Dear friends,
I decided to write because many are active on HuggieFace with their AI models.
I have been continuously testing AI Models 8/10 hours a day for a year now. And when I say that I test the models, I don’t mean like many do on YouTube to get likes, with type tests. Tell me what the capital of Australia is or tell me who the tenth president of the United States is. Because these tests depress me as well as making me smile. Already 40 years ago my Commodore Vic 20 answered these questions in BASIC language!
I test models very seriously. Being a history buff, my questions are very oriented towards history, culture, geography, literature.
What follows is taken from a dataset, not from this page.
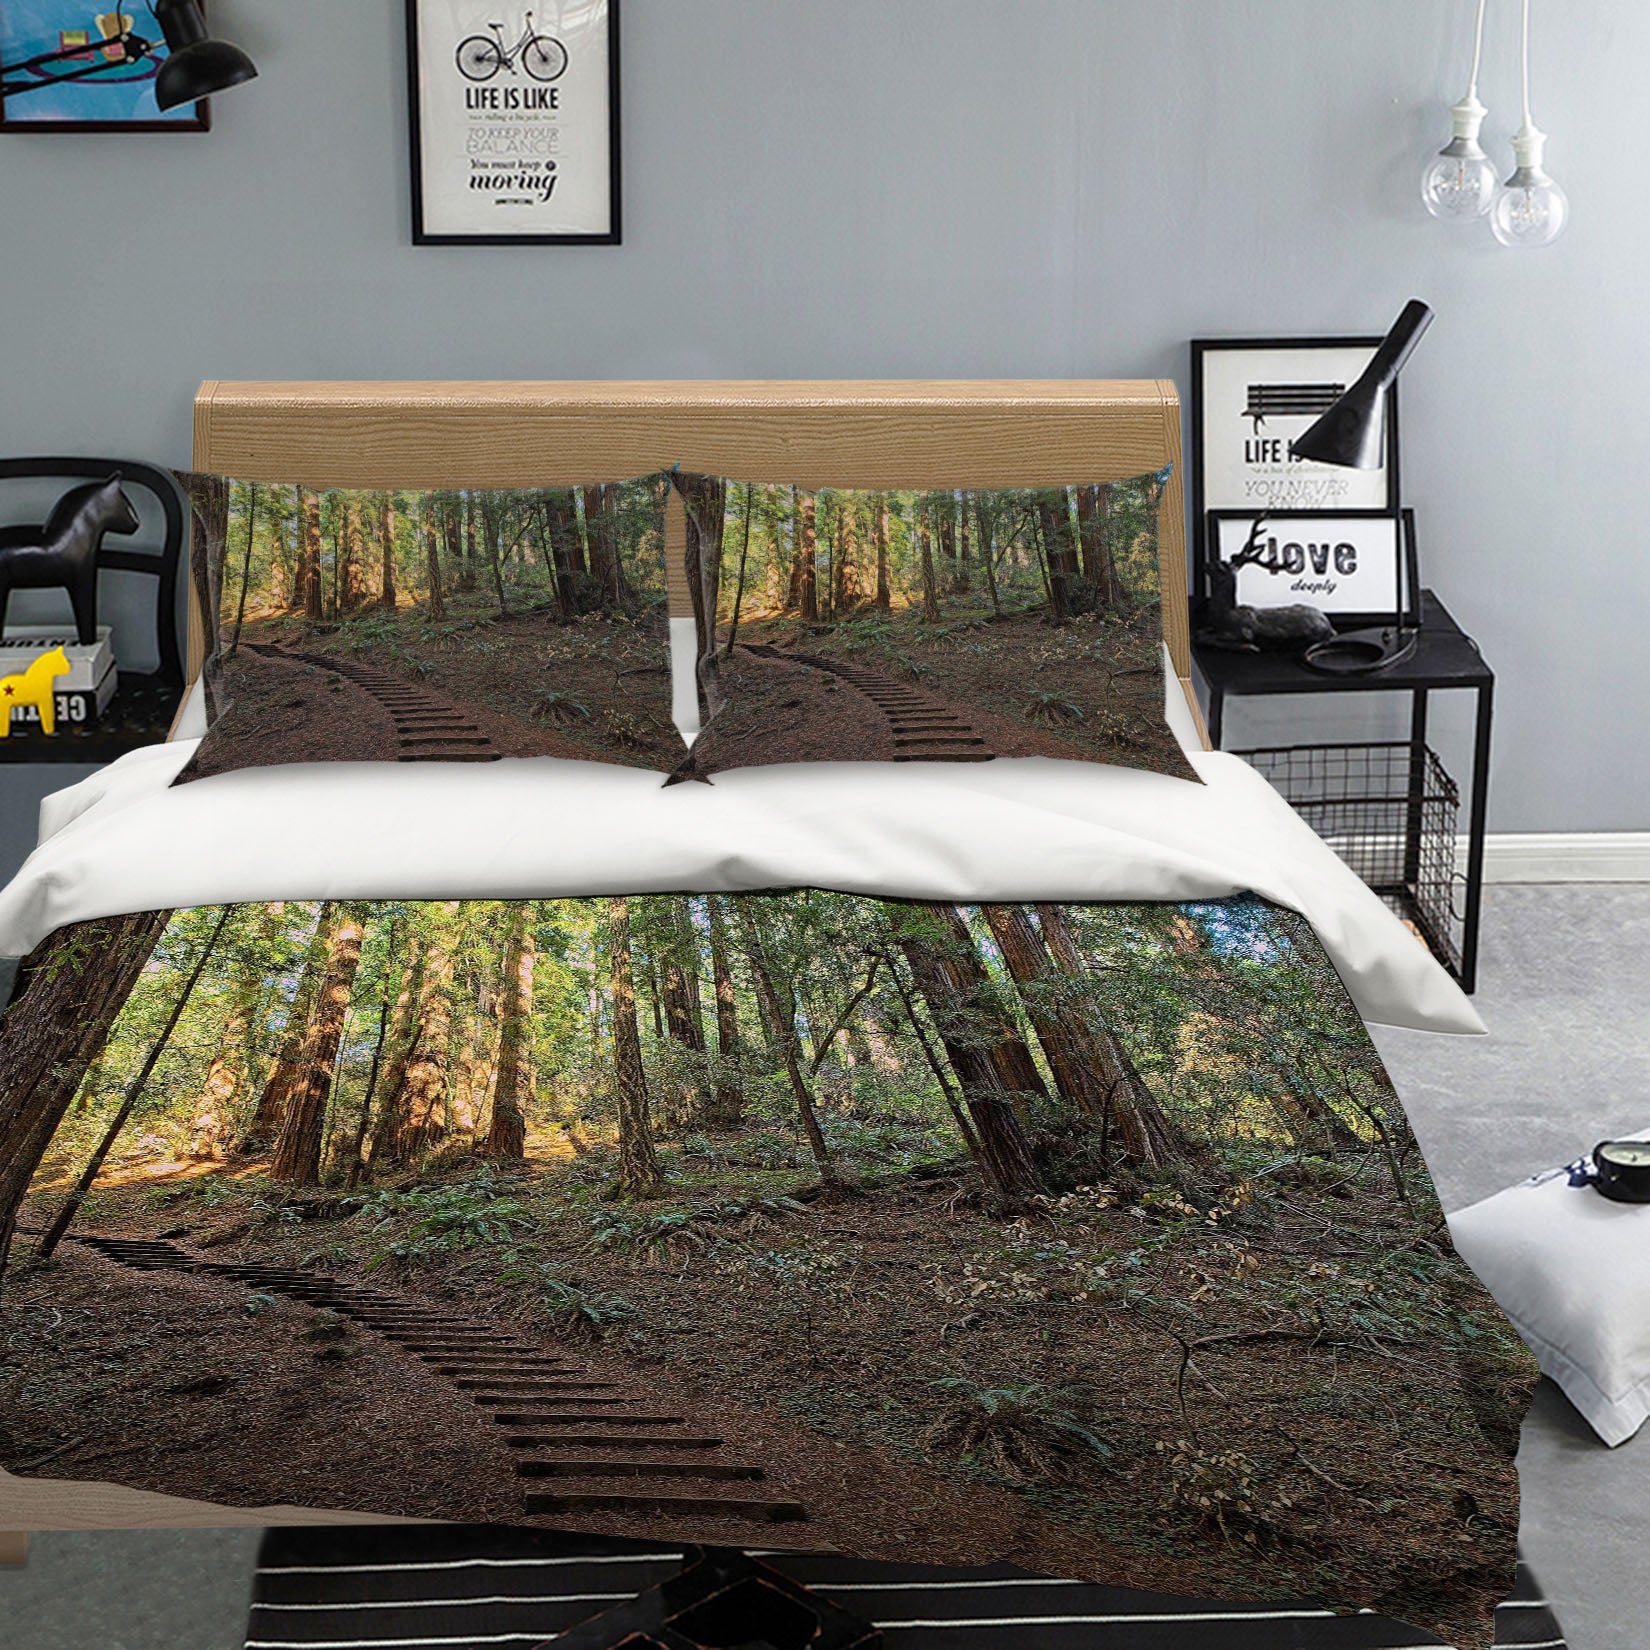 3D Forest Walkway 62179 Kathy Barefield Bedding Bed Pillowcases Quilt

So my tests are to try in every way to extrapolate answers and summaries to the AI models.
Now I note with great sadness that models are trained with a lot of data, but there is not enough focus on ensuring that the algorithm is able to extrapolate the data and return it to the user in a faithful and coherent manner.
Now if we want to use templates just to play with creative invented stories like poetry everything can be fine, but when we get serious Open Source templates to be installed locally seem very insufficient to me.
Furthermore, I note that the models are never accompanied in an excellent manner by configuration or preset data which the user often has to try to understand by making various calibrations.
Another issue, the models are always generic, there is no table of models with their actual capabilities.
More guidance would be needed. example This is a model that is good for Medicine, this has been trained with History data etc.
While we find ourselves researching Huggingface in an almost haphazard manner, not to mention total disarray
In Pavero words I want to tell you, since you work hard, you too should ensure that the models, in addition to being filled with data, can then be able to use them and give them to the user.
So let’s take a step forward and improve the progress.
Claudio from Italy
HuggieFace
Because the models u test are not used for that particular purpose, period. Though the thing u ask for could be done by using ur own embedded db. You should also work on ur tone and stop wasting ur life.
The base models are generic (which is a good thing, even 1000 base models wouldn’t cover the usage of every single person). The training on top of that can’t teach much new knowledge. It’s more of a way to teach the model how to use it’s knowledge it already has. If you want a model specialized for your usage either you train your own or you hope that some random guy has the same usage and already did that.
what value are you getting testing models 10 hours a day? unless you are greatly exaggerating those numbers?
when you do serious historical research, time passes so quickly that you don’t even notice. Unfortunately it takes time for the model to give you the information it has stored. However, even with effort I achieved notable results. example the translation of a writing in Runic. something that is difficult today even for specialized people. This is why I say that we need to waste more time making the algorithm understand its purpose. If we limit ourselves to making them just to play it’s a shame
disappointed by trainers
Trainers or those who do fine-tuning?
Also, they are doing it for free. It’s useless to expect GPT-4 like performance if you are expecting that from community models.
If you are old enough to recall Commodore programming I would suggest a better usage of your remaining time on this Earth. No really, this tech is not at the level you seem to be desiring yet.
you should look it as a baby, baby not always listens your commands, but it has other advance points.
Why do you invest so much time testing them? What is your ultimate goal?
I recommend following some fine-tune tutorials to train a history oriented model yourself. You can get decent result with a few megabytes of good quality dataset about the history content you are interested in. It should be a much more interesting activity than testing models all day! If you want the model to recall intricate details, use higher rank LoRAs or try full fine tune rather than parameter efficient fine tunes.
But like others said, open source models we have today are still far from GPT-4. Fine tuning a small model also barely add any new capability to the model, it is only “tuning” it to be knowledgeful in something else. These LLMs are pre-trained with trillions of tokens, a few tens of thousands more will not make it any smarter.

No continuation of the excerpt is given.